- Problem to solve -
The entire listing below is to be written out exactly, minus the pictures.

- Dataset content -

⟨

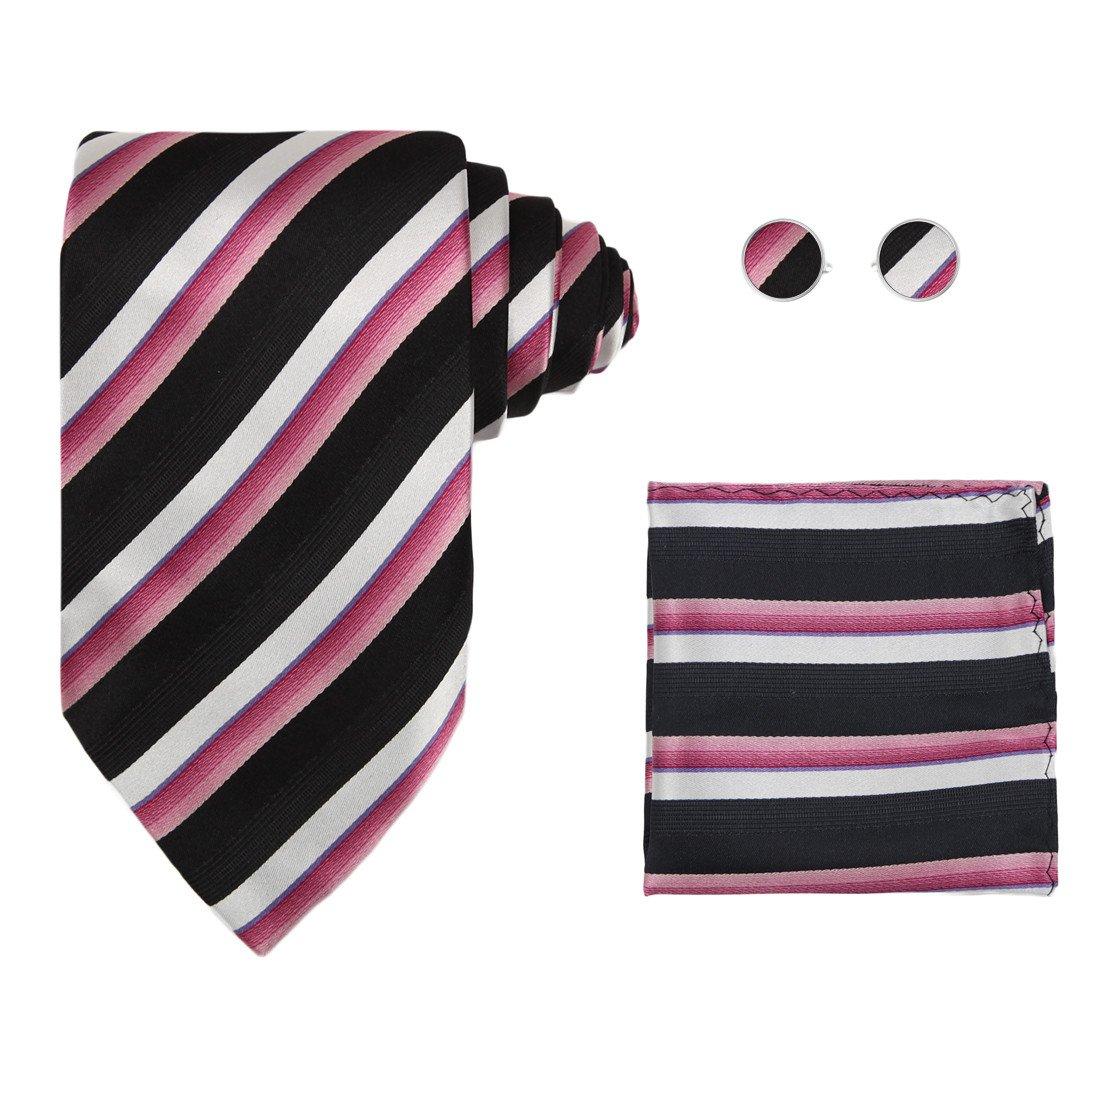 Hot pink stripes ties for men xmas gift mens style black silk ties cufflinks handkerchiefs set H5138  Hot Pink
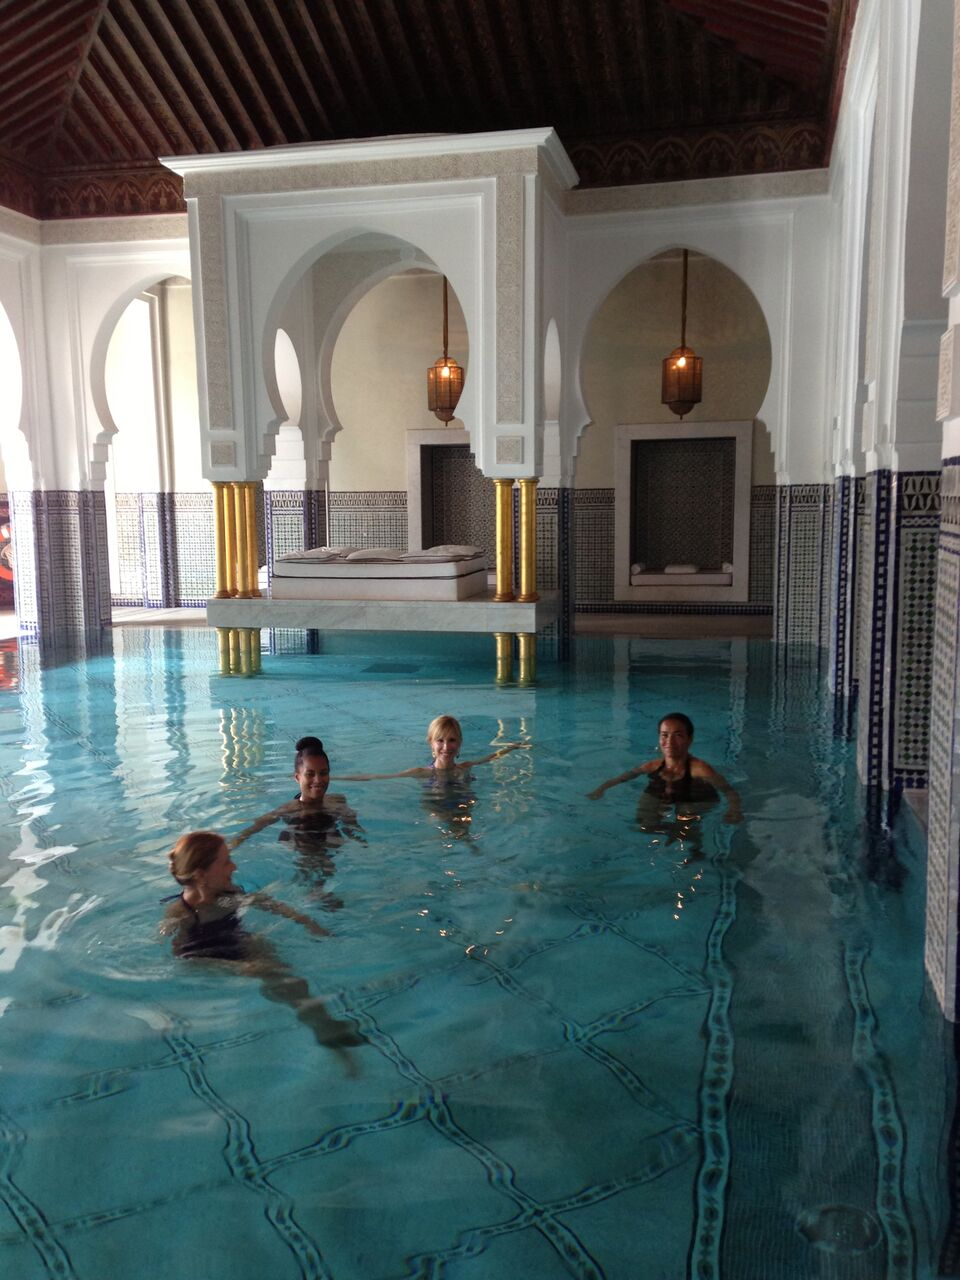 La Mamounia pool | EAT.PRAY.MOVE Yoga Retreats | Marrakesh, Morocco
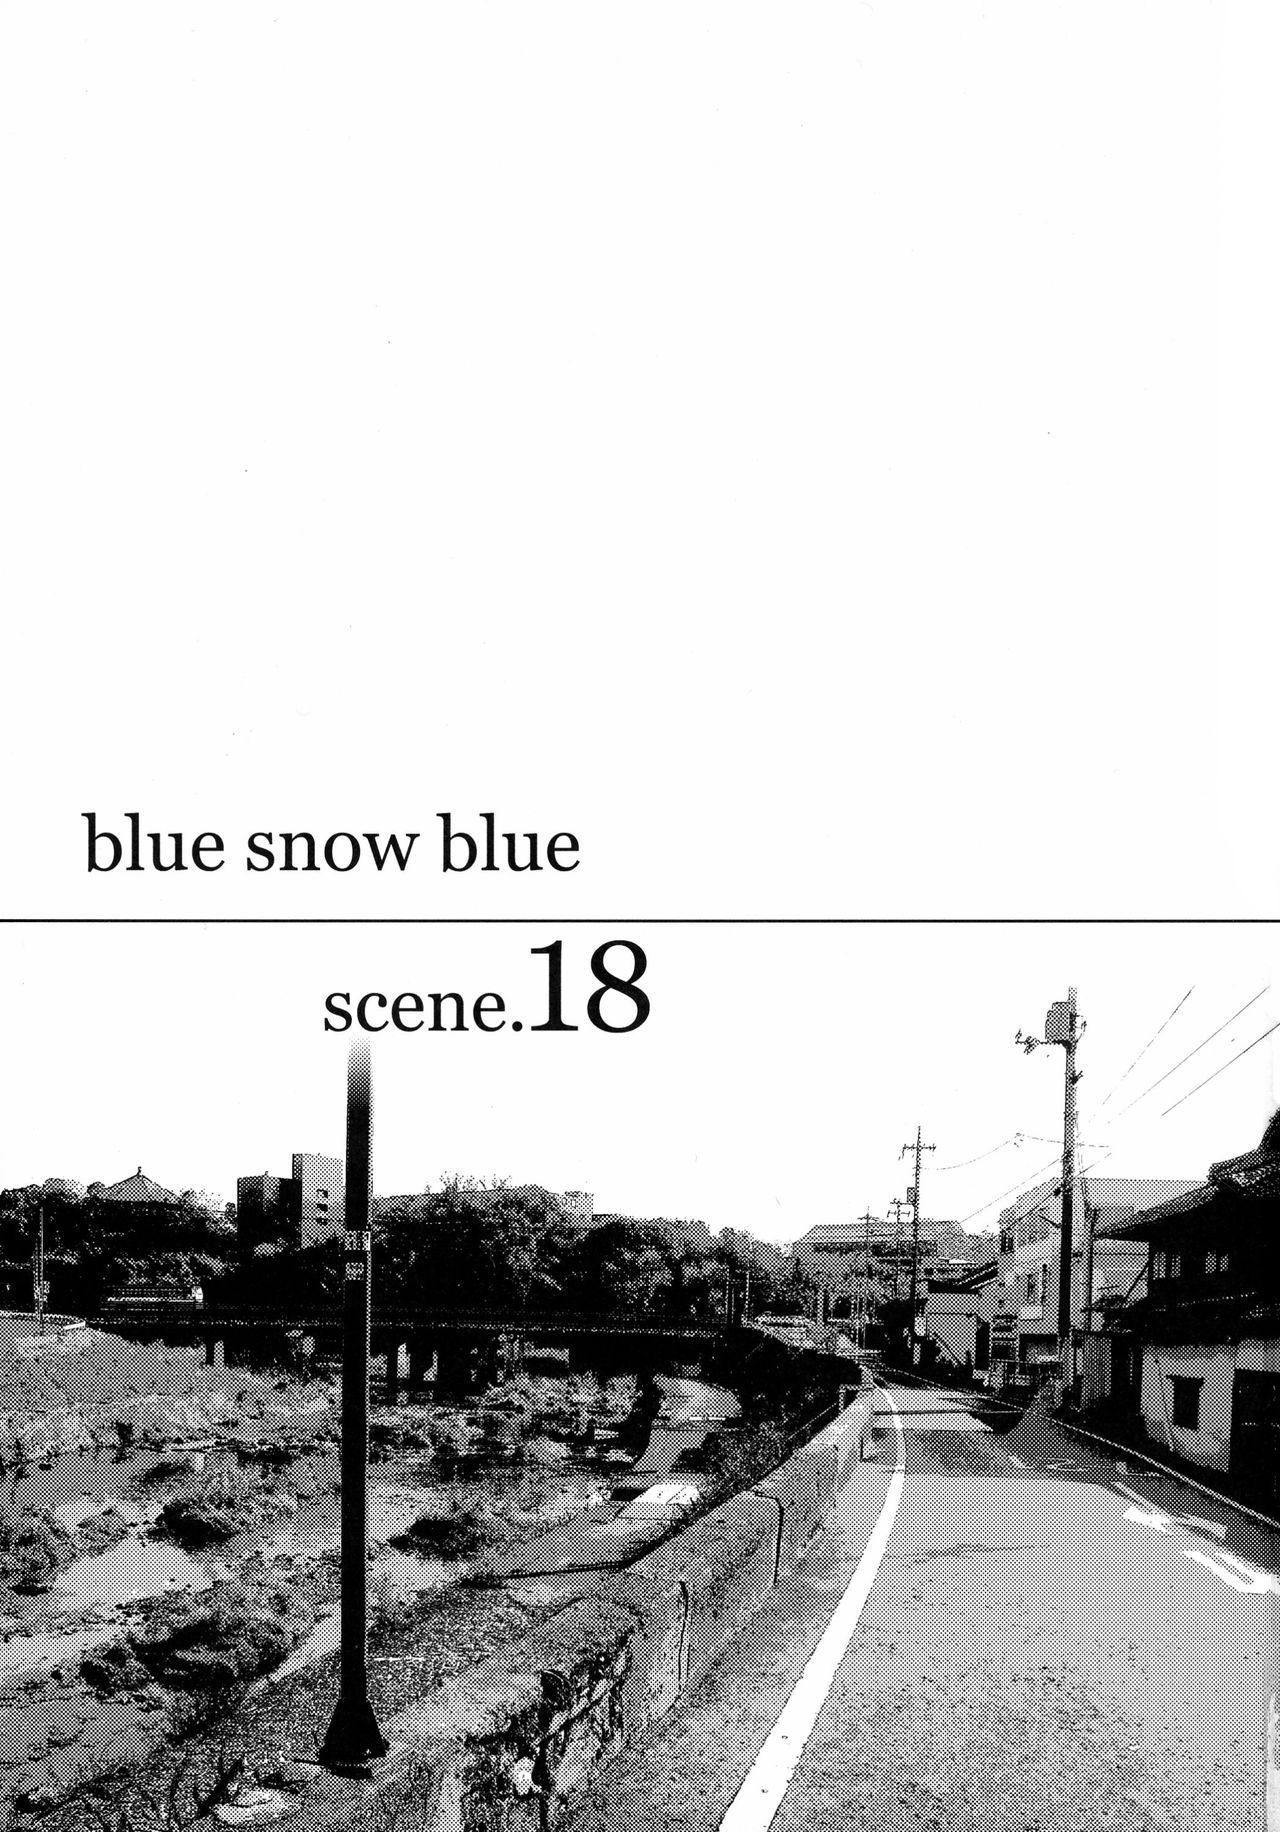 blue snow blue scene.18 2

⟩

- Result -
 Hot pink stripes ties for men xmas gift mens style black silk ties cufflinks handkerchiefs set H5138  Hot Pink
 La Mamounia pool | EAT.PRAY.MOVE Yoga Retreats | Marrakesh, Morocco
 blue snow blue scene.18 2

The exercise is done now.